Why Is BDNF interesting?

The protein brain-derived neurotrophic factor (BDNF) has been the focus of intense interest in the Alzheimer's field for a number of years. BDNF belongs to the neurotrophin family of growth factors and affects the survival and function of neurons in the central nervous system, particularly in brain regions susceptible to degeneration in AD. BDNF improves survival of cholinergic neurons of the basal forebrain, as well as neurons in the hippocampus and cortex. This discovery kindled hope in the early 1990s that Alzheimer's could be slowed or halted if brain levels of BDNF could be increased. The idea gained support with the observation that BDNF gene activity and protein levels are reduced in AD brains.

Further research on BDNF in the mid-90s revealed additional exciting functions of this molecule in the brain. Beyond promoting neuronal survival and resilience to injury, BDNF also has a powerful role in facilitating activity-dependent plasticity, which underlies the capacity for learning and memory. Brain regions where plasticity is particularly important include the hippocampus and cortex, critical centers for learning and memory. The hippocampus is a central component for encoding new information, and damage there severely impairs learning. Hippocampal function is compromised early on in the course of AD, and this is considered the principal cause of the memory problems that characterize this disease. The reduction of BDNF seen in AD could cripple the hippocampus in two ways: From a plasticity point of view, insufficient BDNF would weaken synaptic encoding strength or capacity, while from the neurotrophic angle, reduced BDNF makes hippocampal neurons more vulnerable to insult and degeneration.

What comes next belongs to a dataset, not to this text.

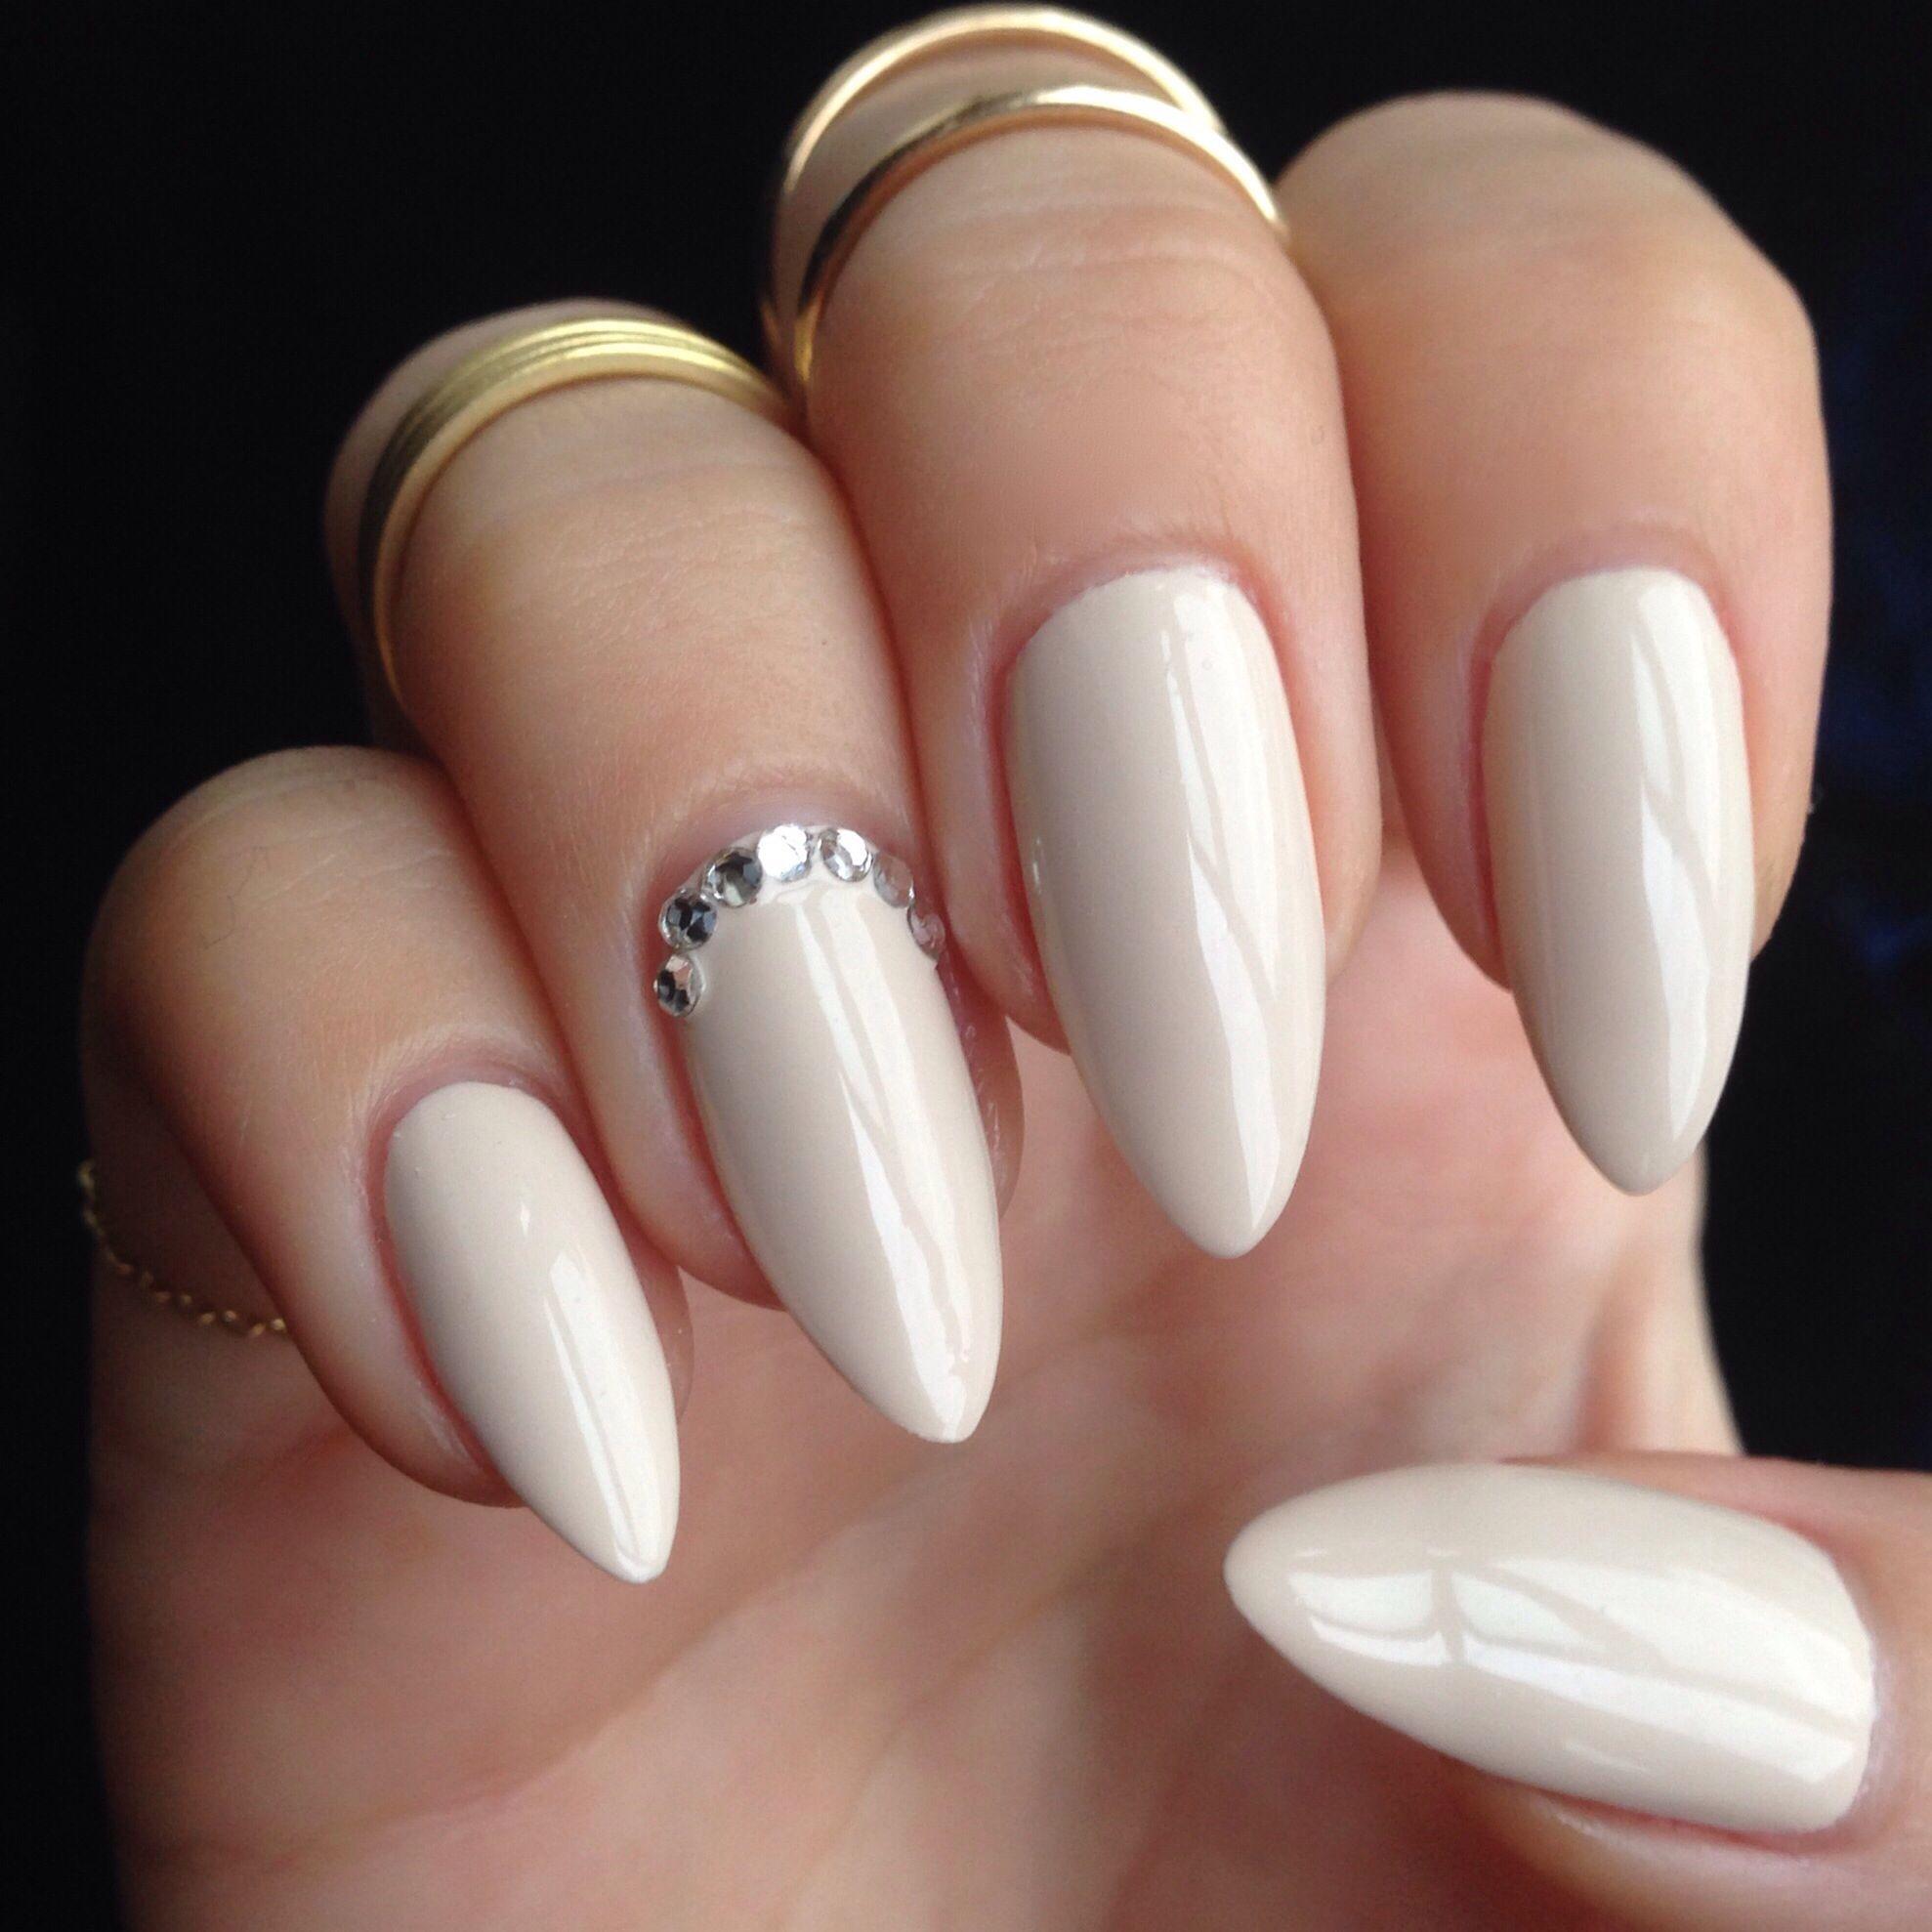 Nail Cream: Cream Embellished Nails

BDNF is an unusual neurotrophic factor. Its widespread functions in the brain go beyond the traditional role of a growth factor to promote growth, survival., and maintenance of cells. Recently, a third role for BDNF has emerged, in that it appears to be an important factor in psychiatric conditions such as epilepsy, depression, obsessive compulsive disorder, and possibly bipolar disorder. While unlikely to be causally related to Alzheimer's, these mood disorders, particularly depression, often coexist with Alzheimer's and may have a common link through BDNF.

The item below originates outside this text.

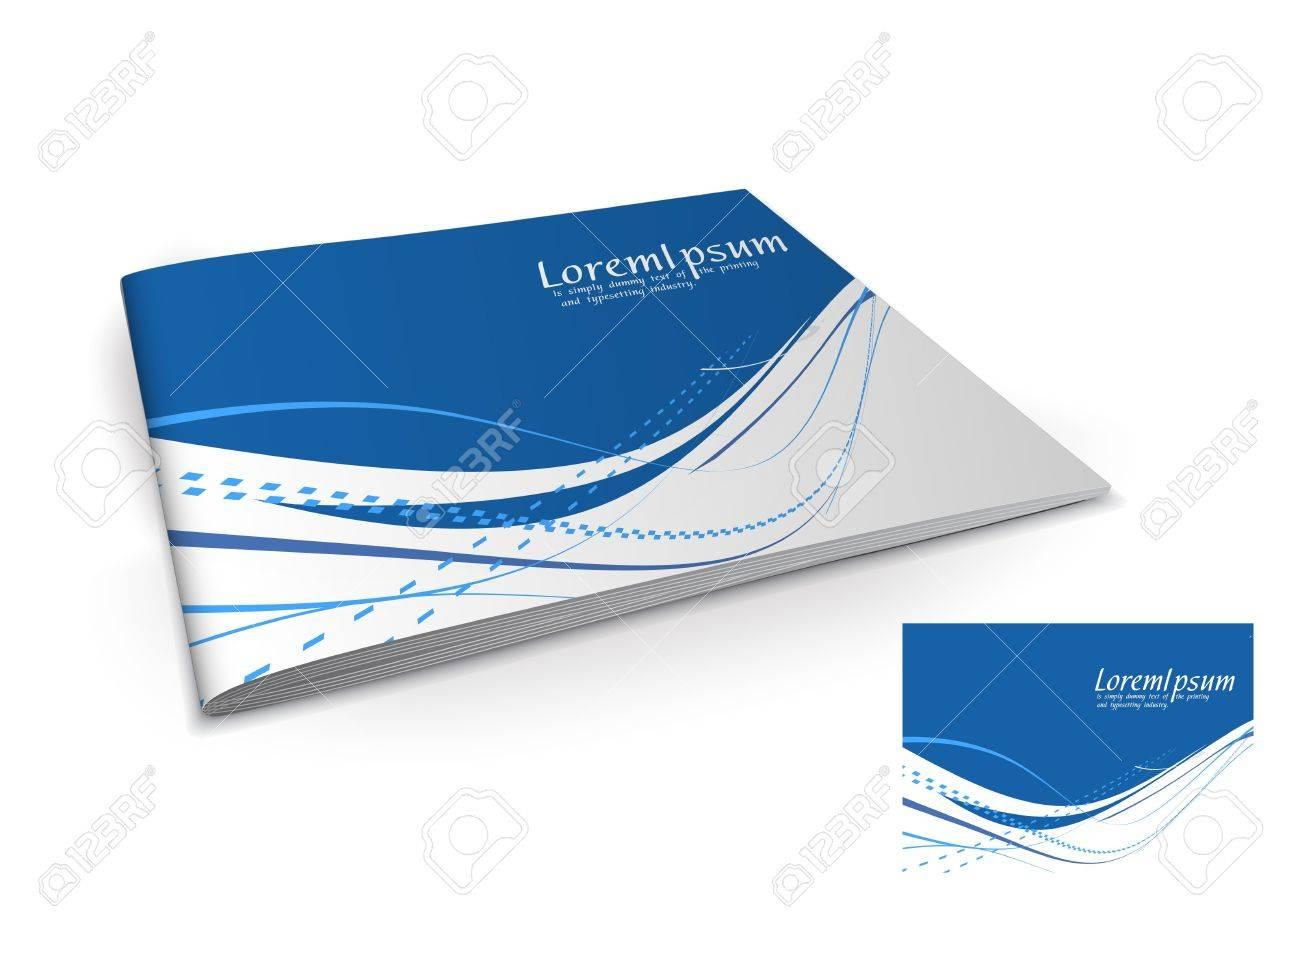 Presentation of brochure cover design template., vector illustartion. Stock Vector - 9610805

Below, we discuss evidence supporting a role for BDNF in learning and memory, followed by recent genetic data demonstrating a link between BDNF and AD.

BDNF in Learning and Memory

What we've learned from animal models

BDNF is produced by neurons, particularly in the hippocampus and cortex. Neuronal activity, i.e., during encoding of information, stimulates BDNF gene transcription, transport of BDNF mRNA into dendritic spines, and BDNF protein release into the synaptic cleft (Hartmann et al., 2001). BDNF can be transported into the dendrite and may also be synthesized locally in the spine. It has been speculated that one or both of these mechanisms may be able to target active synapses within dendrites. BDNF acts on neurons at both presynaptic and postsynaptic sites by binding to its tyrosine kinase receptor TrkB, and internalization of the BDNF-TrkB complex. Interestingly, internalization does not lead to termination of the BDNF signal., such as occurs for most other growth factor receptors. Rather, the internalized TrkB receptor remains phosphorylated and activated. It becomes a specialized compartment called a "signaling endosome," which seems to be critical for downstream signaling effects of BDNF on the cell body. (For an excellent review on BDNF regulation and plasticity, see Lu, 2003).

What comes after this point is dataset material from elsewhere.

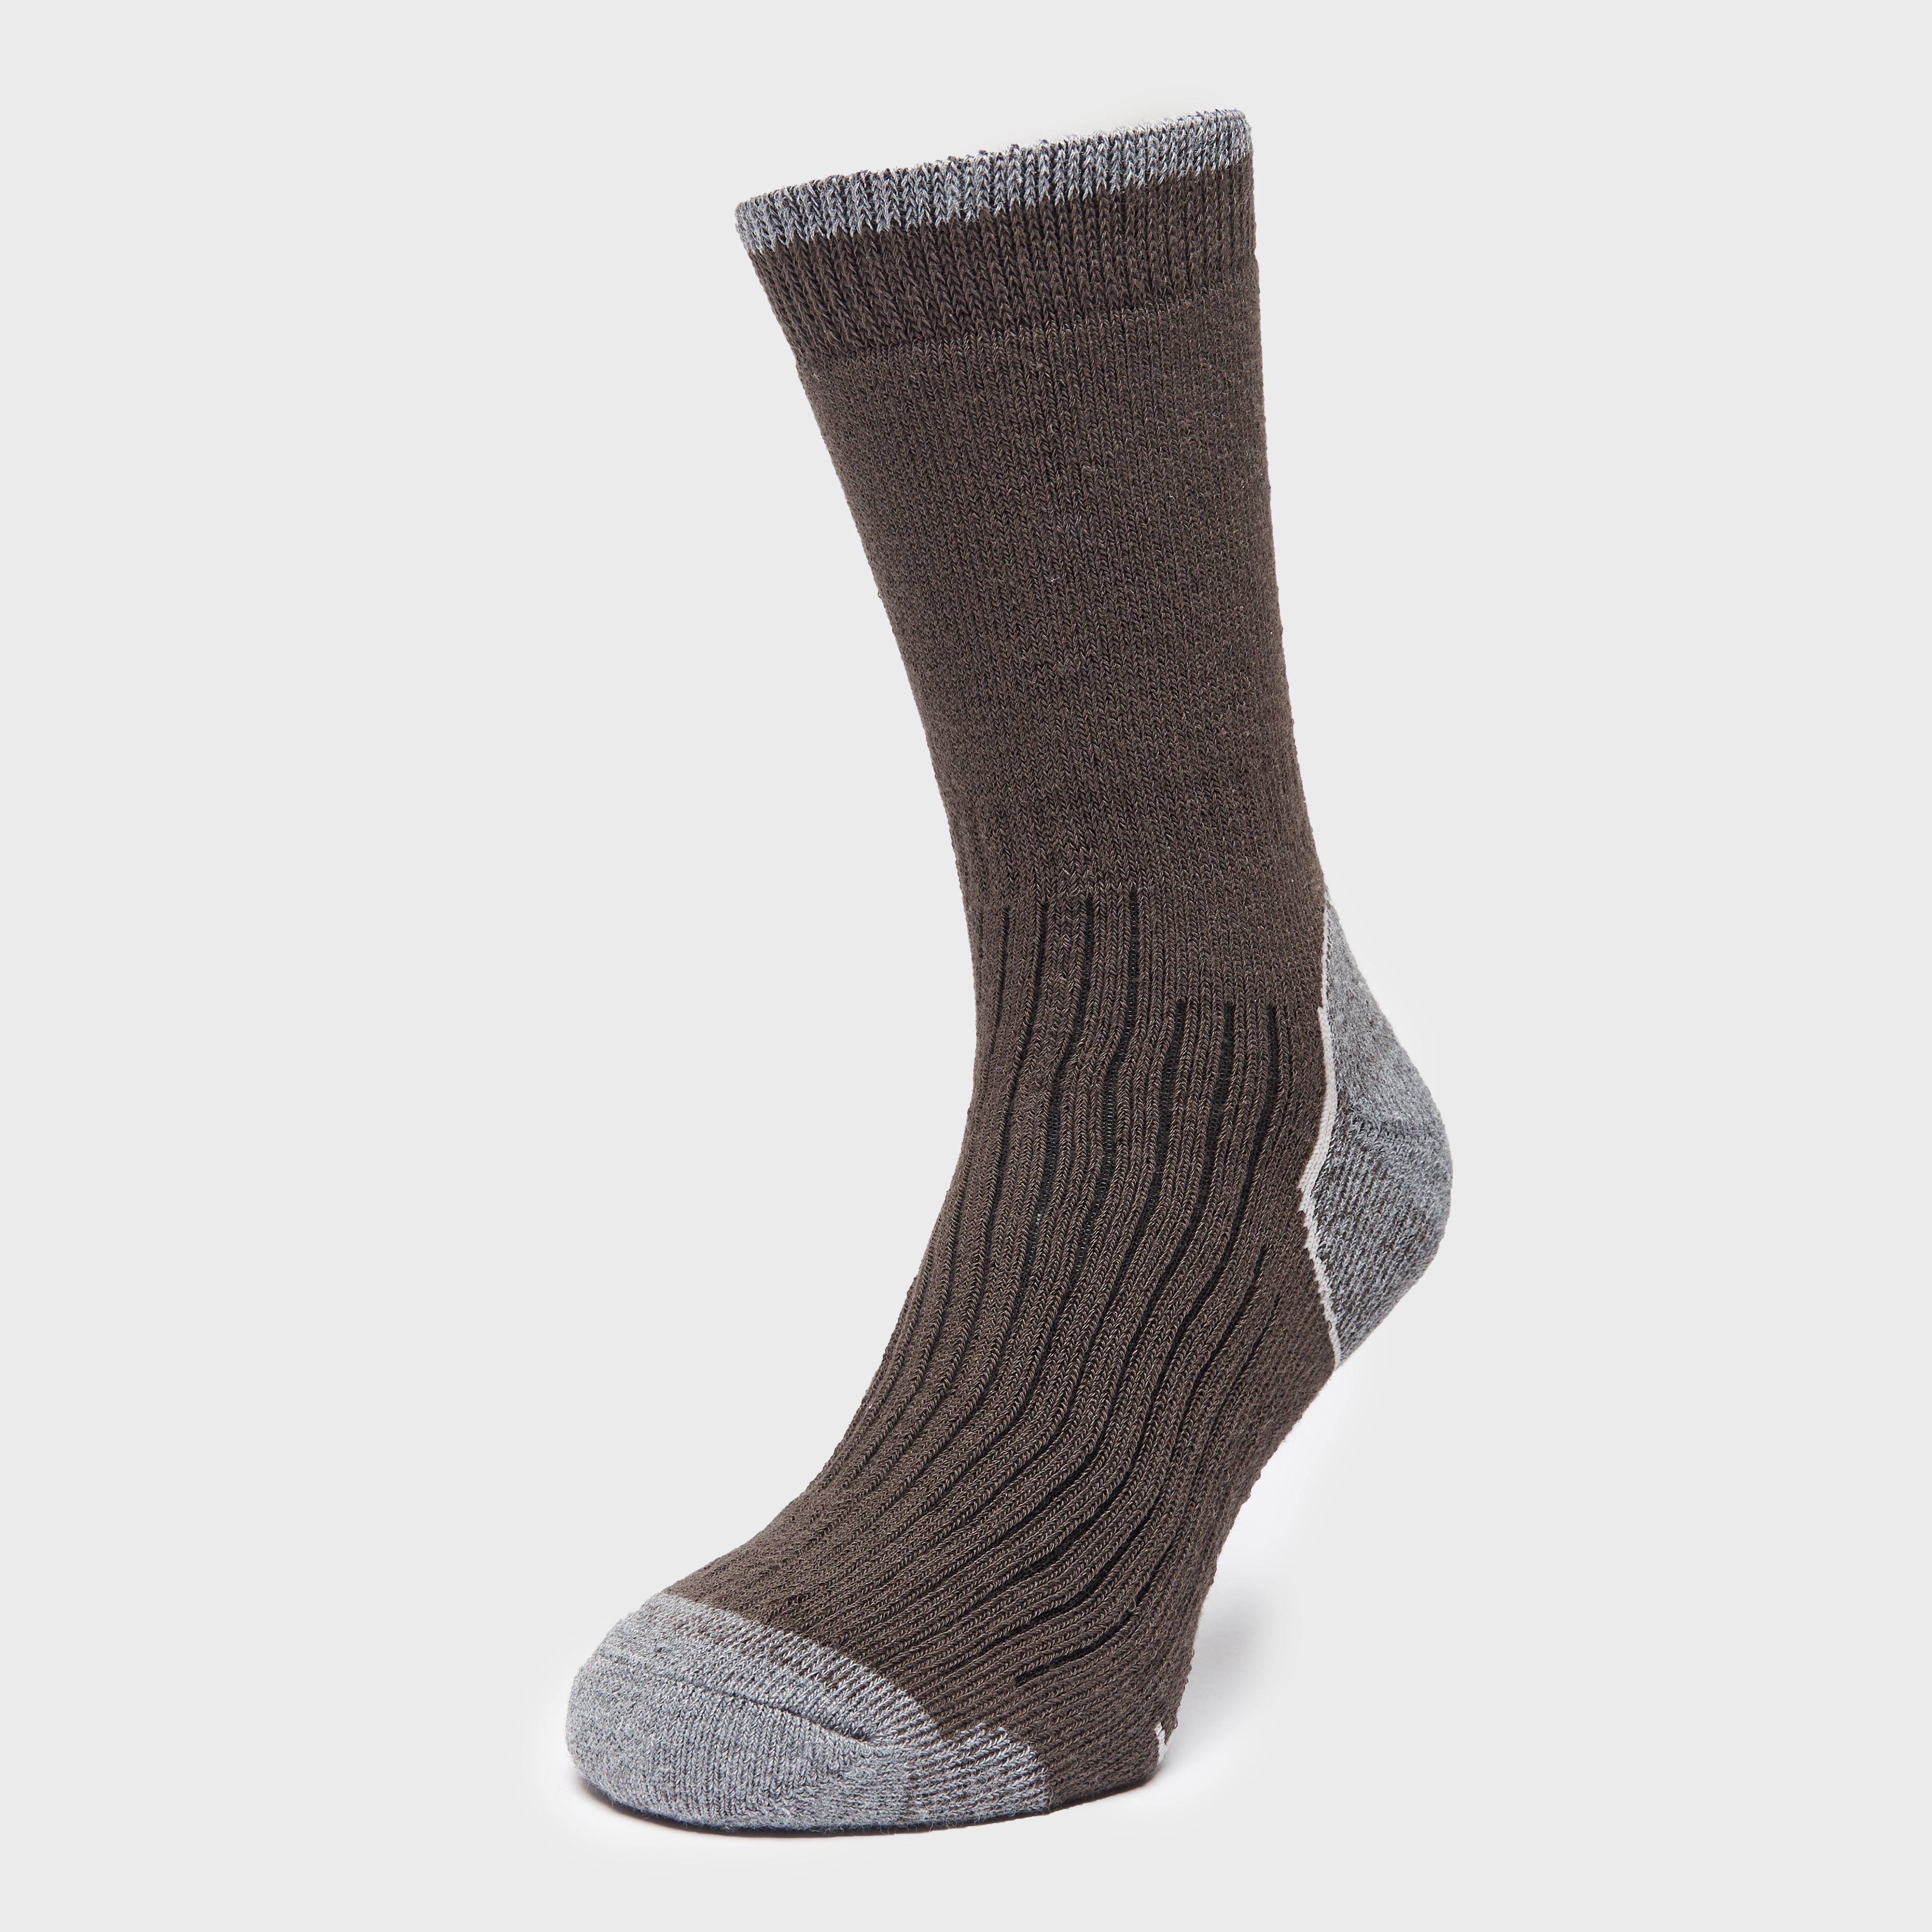 Brasher Brasher Mens Hiker Socks - Brown, Brown

What we've learned from human genetics

Recent genetic studies have established a decisive role for BDNF in human cognition. Polymorphisms in the DNA sequence of a gene can result in seemingly subtle differences in the final protein product, which nevertheless can profoundly change the functionality of the product protein. One polymorphism in the BDNF gene that does just that is caused by a single amino acid substitution in the coding region of the BDNF gene (val/met substitution at codon 66). This substitution derails trafficking of the BDNF protein within the cell such that it is no longer released in response to appropriate cellular cues. The effect of this is seen at the level of hippocampal function, as the polymorphism is associated with impaired memory and abnormal hippocampal activation. Remarkably, these cognitive decrements were revealed in a cohort of 641 cognitively intact adults aged 25-45 (Egan et al., 2003; see ARF related news story; Hariri et al., 2003). Having made it clear that deficiencies in BDNF function has serious cognitive consequences even in young people, these studies prompt the question of what the relationship is between abnormal BDNF and AD.

BDNF polymorphisms are risk factors for AD

Three different BDNF polymorphisms have been proposed as possible risk factors for AD based on genetic linkage studies. The val/met polymorphism (position 196, codon 66) described above conferred increased susceptibility to AD that appeared to be independent of ApoE genotype (Ventriglia et al., 2002). The single nucleotide polymorphism C270T has been associated with late-onset but not early-onset AD in a Japanese population (51 early onset; 119 late onset; 498 controls, Kunugi et al., 2001). Another study of the C-270T polymorphism in a German population (210 AD cases, 188 controls) found its frequency increased in AD, and risk appeared to be higher in AD patients lacking the ApoE4 allele (Riemenschneider et al., 2002). Except for the met-BDNF polymorphism, little is known about how the polymorphisms affect BDNF function. These questions are currently under study, and are likely to expand our understanding of the role of BDNF in AD, as well as in learning, memory, and cognitive function throughout life.

Can BDNF levels in the brain be increased?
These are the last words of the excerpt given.